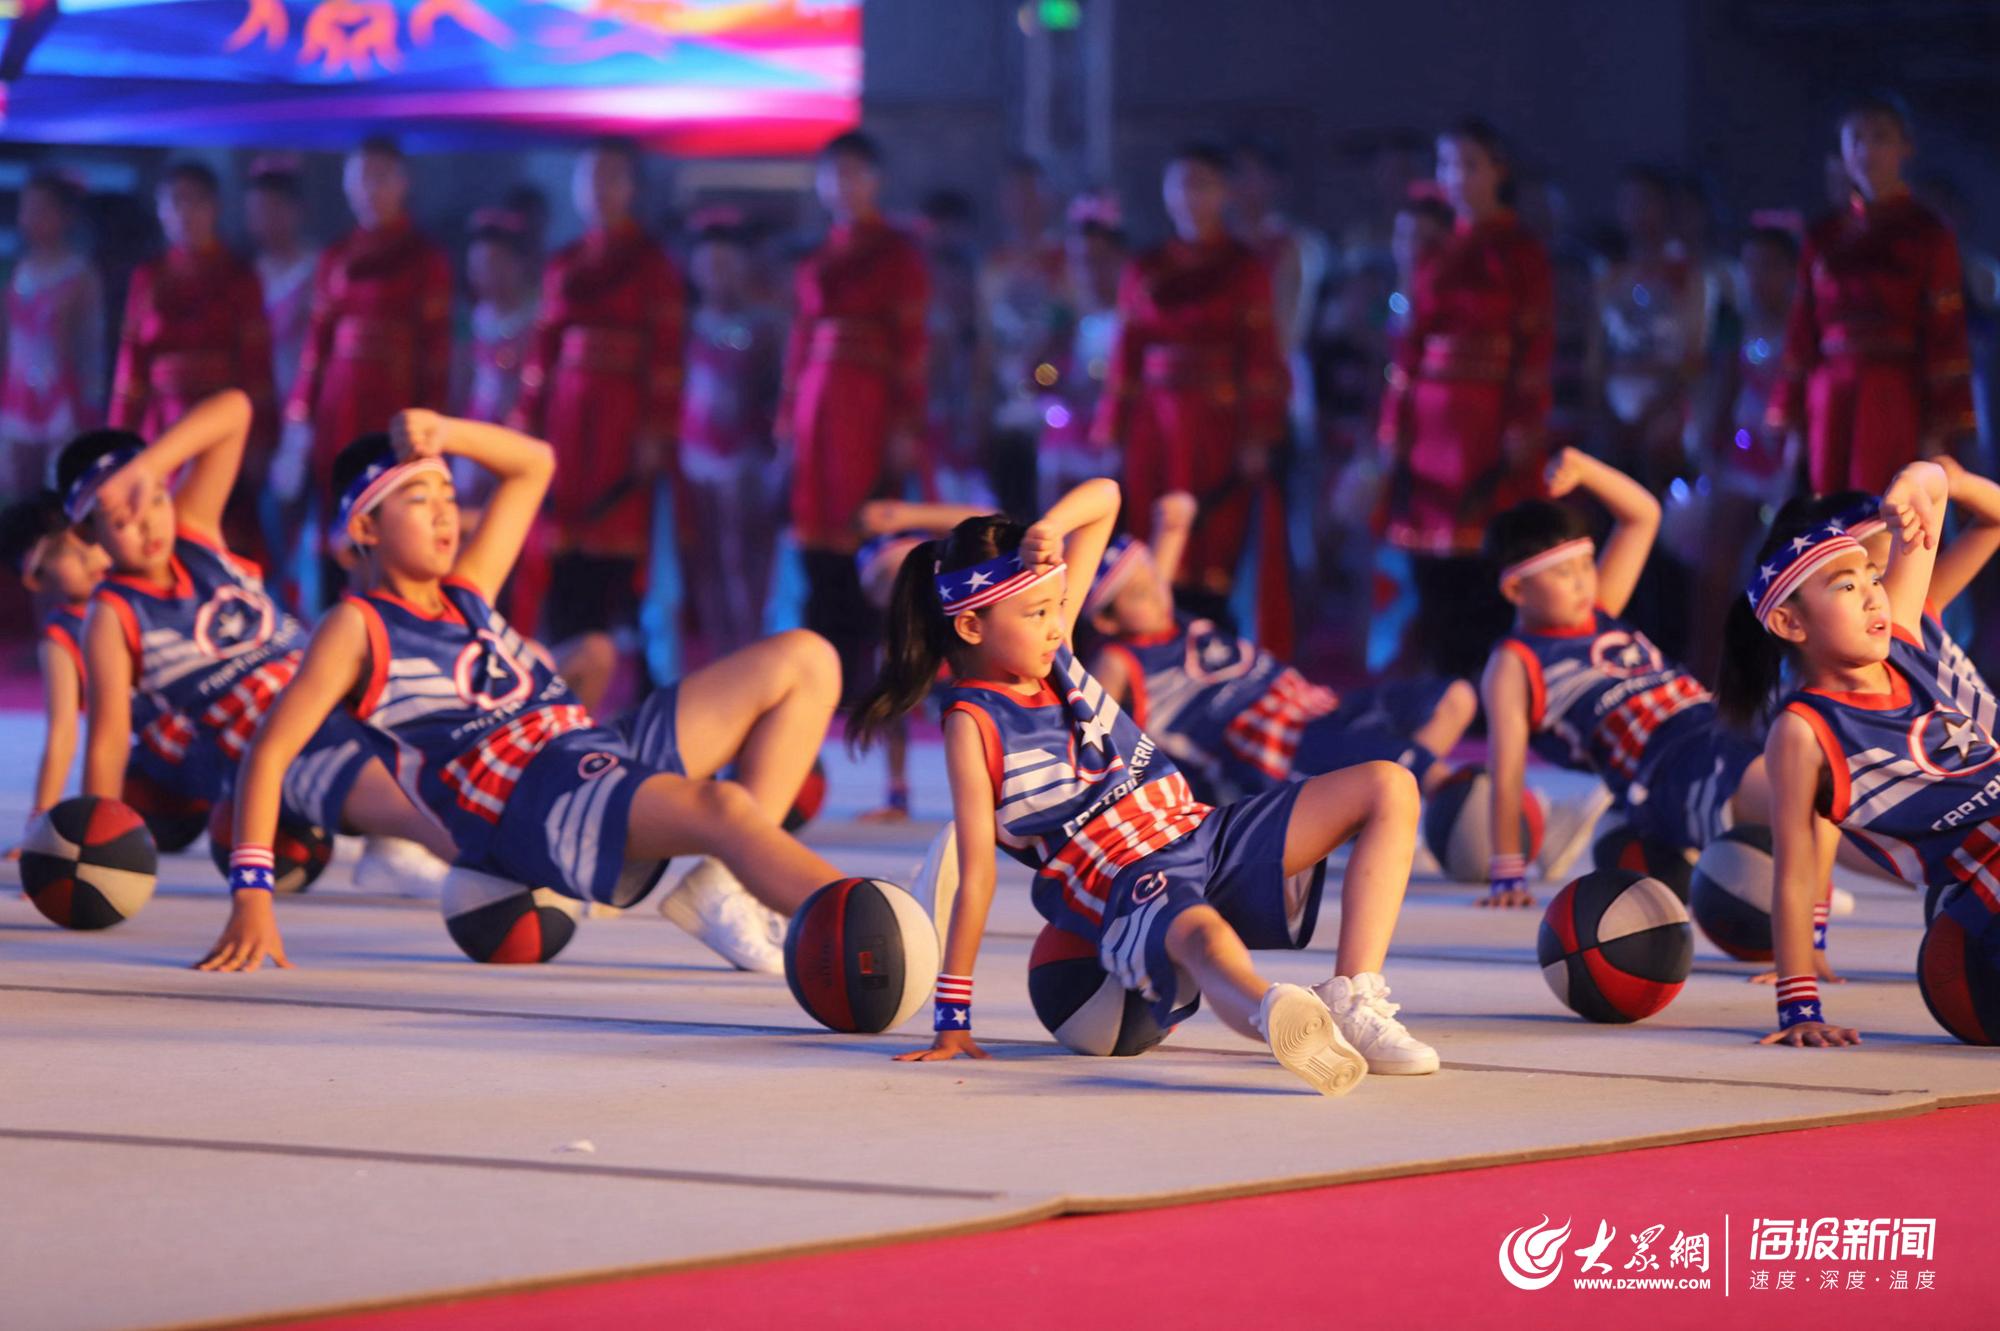 青岛打好 体育惠民 攻坚战和 强基固本 阵地战 增强人民幸福感图片
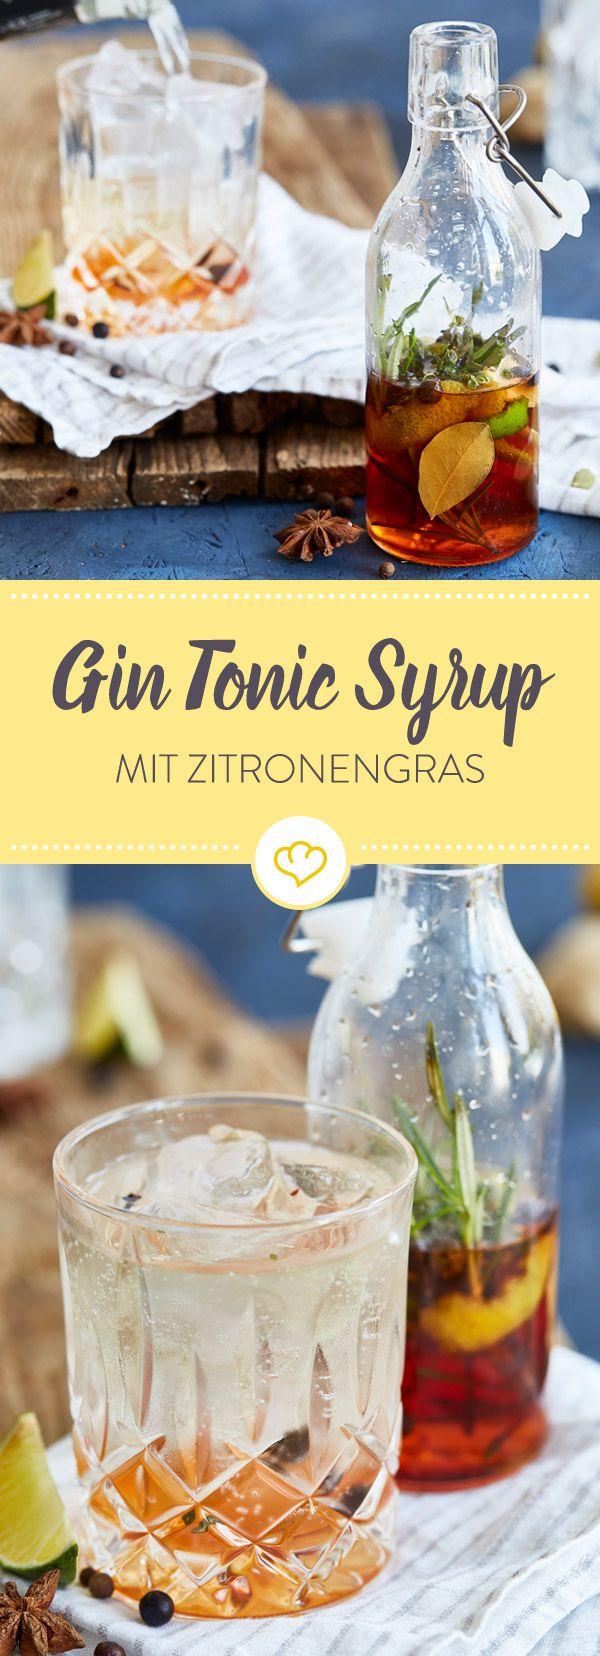 Lust auf Gin Tonic, aber kein Tonic Water im Haus? Gut, dass du selbstgemachten Tonic Sirup da hast, um sofort loszumischen.
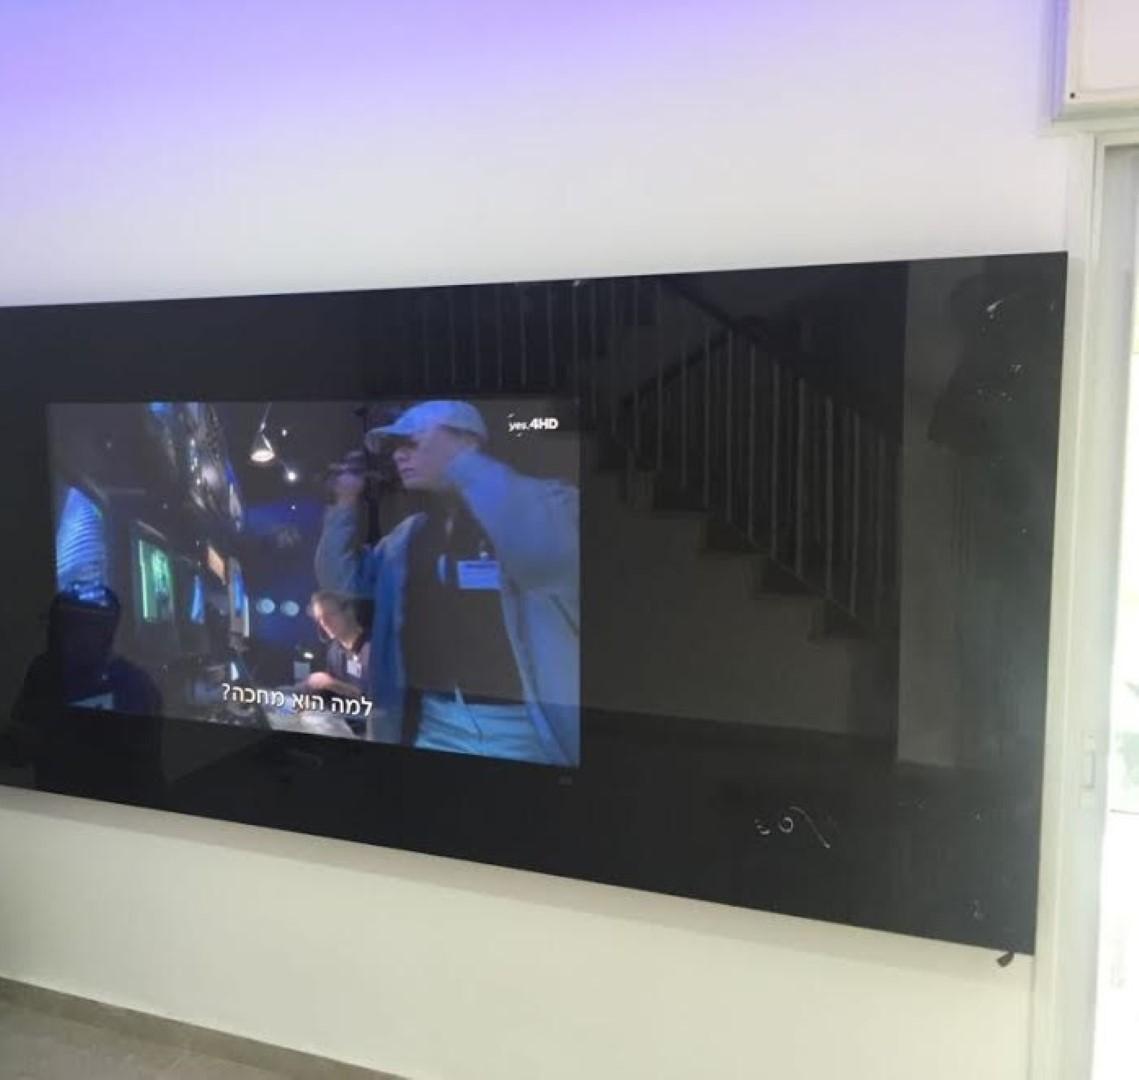 מסך זכוכית לטלויזיה 4
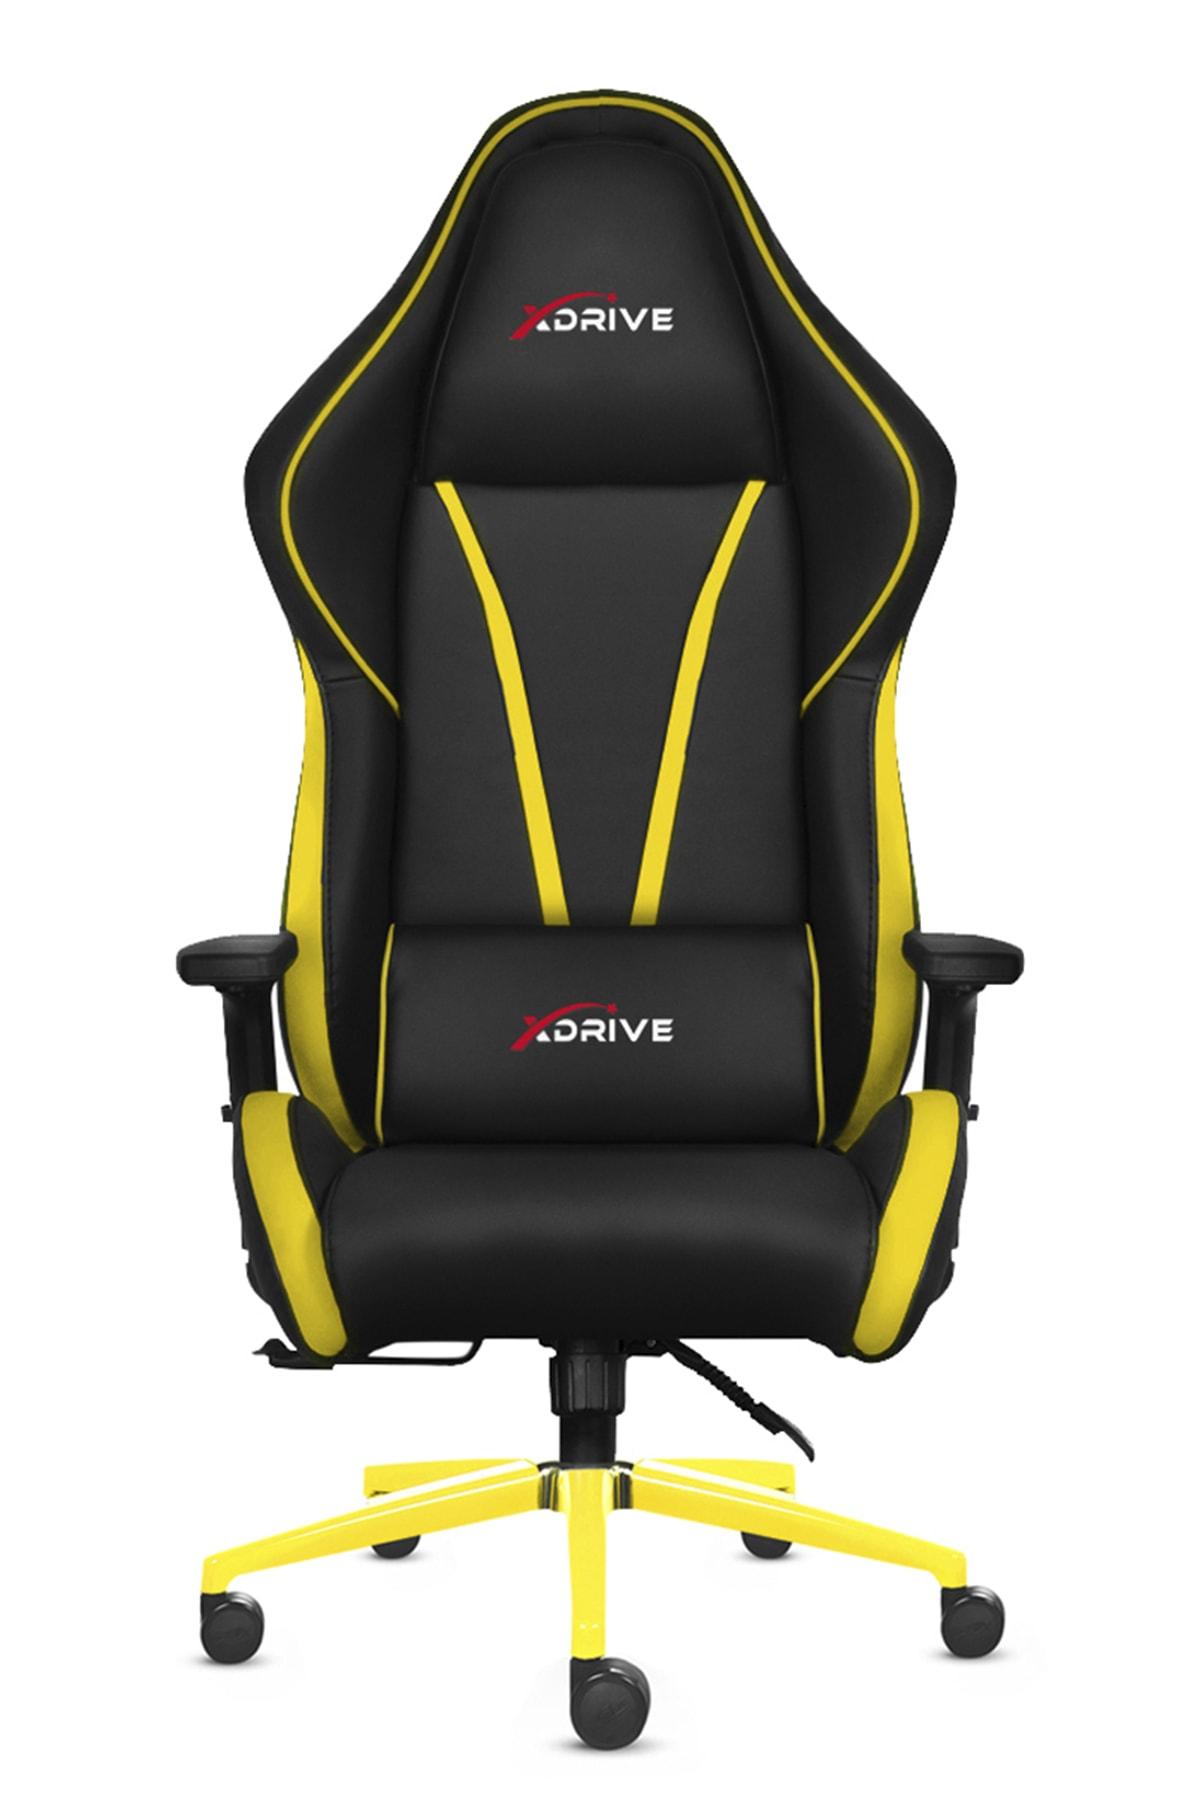 XDrive Sancak Profesyonel Oyun   Oyuncu Koltuğu Bilgisayar Koltugu Sarı/Siyah 1

## What the task requires
Would you please copy the material exactly, leaving all the pictures out?

## Exercise output
 青岛打好 体育惠民 攻坚战和 强基固本 阵地战 增强人民幸福感图片
 Lust auf Gin Tonic, aber kein Tonic Water im Haus? Gut, dass du selbstgemachten Tonic Sirup da hast, um sofort loszumischen.
 מסך זכוכית לטלויזיה 4
 XDrive Sancak Profesyonel Oyun   Oyuncu Koltuğu Bilgisayar Koltugu Sarı/Siyah 1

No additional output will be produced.